Sirohi Deepika, Smith Steven C, Ohe Chisato, Colombo Piergiuseppe, Divatia Mukul, Dragoescu Ema, Rao Priya, Hirsch Michelle S, Chen Ying-Bei, Mehra Rohit, Amin Mahul B
Department of Pathology and Laboratory Medicine, Cedars-Sinai Medical Center, Los Angeles, CA, 90048, USA.
Departments of Pathology and Urology, Virginia Commonwealth University School of Medicine, Richmond, VA, 23298, USA.
Hum Pathol. 2017 Sep;67:134-145. doi: 10.1016/j.humpath.2017.07.006. Epub 2017 Jul 15.
Renal medullary carcinoma (RMC) is a highly aggressive renal cell carcinoma arising in the collecting system and requiring careful correlation with status of sickle cell trait. A panel of international experts has recently proposed provisional diagnostic terminology, renal cell carcinoma, unclassified, with medullary phenotype, based on encountering an extraordinarily rare tumor with RMC morphology and immunophenotype in an individual proven not to have a hemoglobinopathy. Herein, we extend this observation to a cohort of 5 such tumors, morphologically similar to RMC, lacking SMARCB1 expression by immunohistochemistry, but each without evidence of a hemoglobinopathy. The tumors arose in 4 men and 1 woman with a mean age of 44 years, occurring in 3 left and 2 right kidneys. Clinically, aggression was apparent with involvement of perinephric adipose tissue in all 5 cases, nodal metastasis in 4 of 5 cases, and death of disease in 4 of 5 cases within 3-27 months. Histologic sections showed poorly differentiated adenocarcinoma, often with solid and nested growth patterns, as well as infiltrative glandular, tubulopapillary, cribriform, or reticular growth. Rhabdoid and sarcomatoid cytomorphology was seen in a subset. All tumors showed PAX8 nuclear positivity and SMARCB1 loss, with OCT3/4 expression in 4 of 5 cases. In summary, this first series of renal cell carcinoma, unclassified, with medullary phenotype documents tumors with morphologic, immunophenotypic, and prognostic features of RMC occurring in individuals without sickle cell trait.
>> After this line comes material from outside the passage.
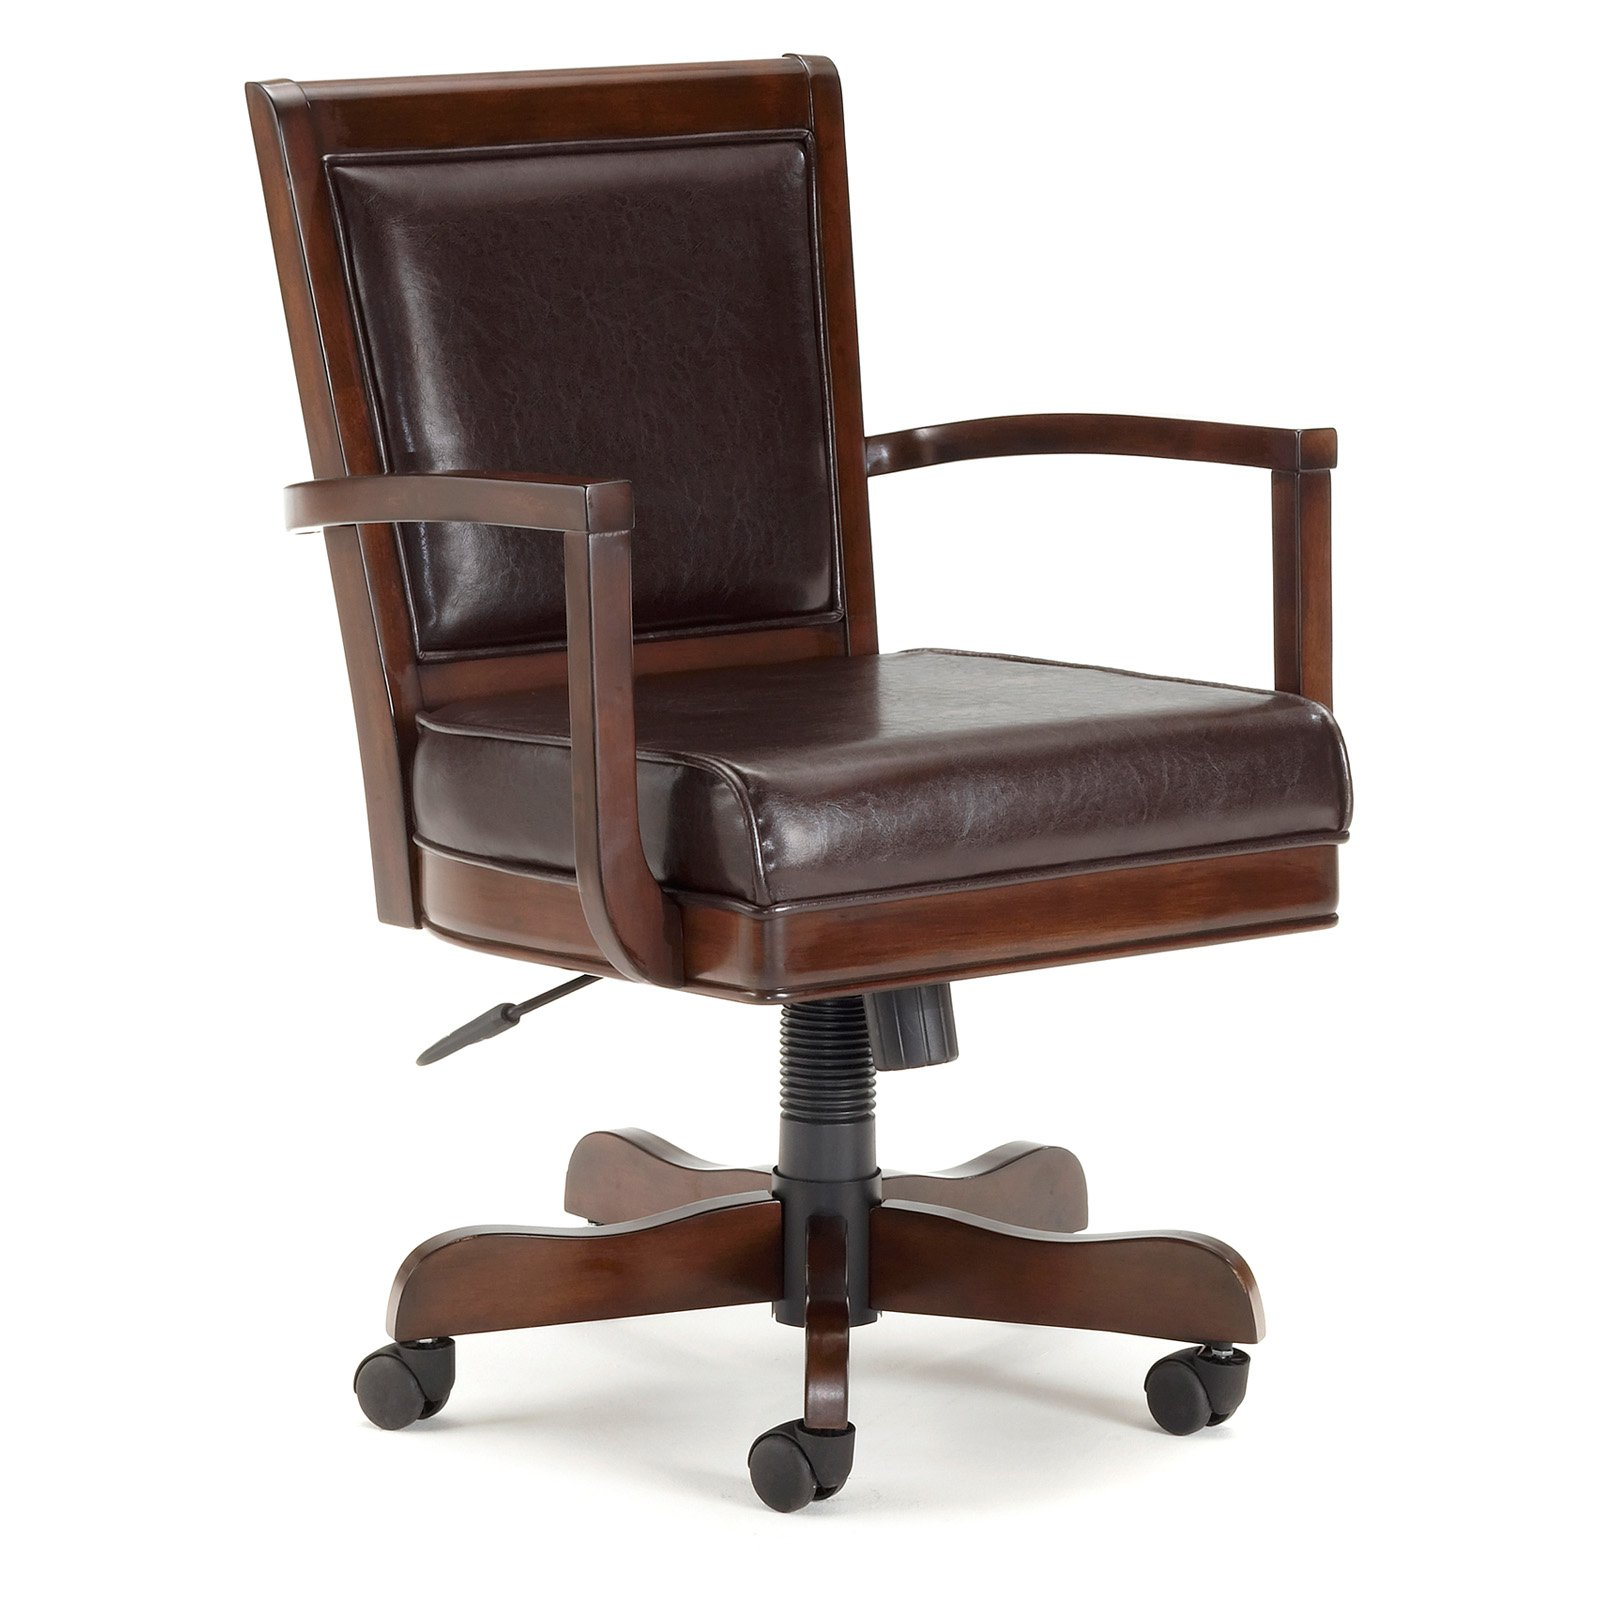 Hillsdale Ambassador Caster Game Chair

Although greater biologic and molecular understanding is needed, the available evidence points to these cases representing a sporadic counterpart to sickle cell trait-associated RMC.
肾髓质癌(RMC)是一种起源于集合系统的高度侵袭性肾细胞癌,需要与镰状细胞性状状态进行仔细关联。一组国际专家最近提出了临时诊断术语,即未分类的具有髓质表型的肾细胞癌,这是基于在一个经证实没有血红蛋白病的个体中遇到了一种具有RMC形态和免疫表型的极其罕见的肿瘤。在此,我们将这一观察结果扩展至5例此类肿瘤的队列,这些肿瘤在形态上与RMC相似,免疫组化显示缺乏SMARCB1表达,但每例均无血红蛋白病的证据。这些肿瘤发生在4名男性和1名女性中,平均年龄为44岁,分别位于3个左肾和2个右肾。临床上,侵袭性明显,所有5例均累及肾周脂肪组织,5例中有4例发生淋巴结转移,5例中有4例在3 - 27个月内死于疾病。组织学切片显示为低分化腺癌,通常具有实性和巢状生长模式,以及浸润性腺管、小管乳头状、筛状或网状生长。部分病例可见横纹肌样和肉瘤样细胞形态。所有肿瘤均显示PAX8核阳性和SMARCB1缺失,5例中有4例表达OCT3/4。总之,这第一组未分类的具有髓质表型的肾细胞癌病例记录了在没有镰状细胞性状的个体中发生的具有RMC形态、免疫表型和预后特征的肿瘤。尽管需要对生物学和分子机制有更深入的了解,但现有证据表明这些病例代表了与镰状细胞性状相关的RMC的散发性对应物。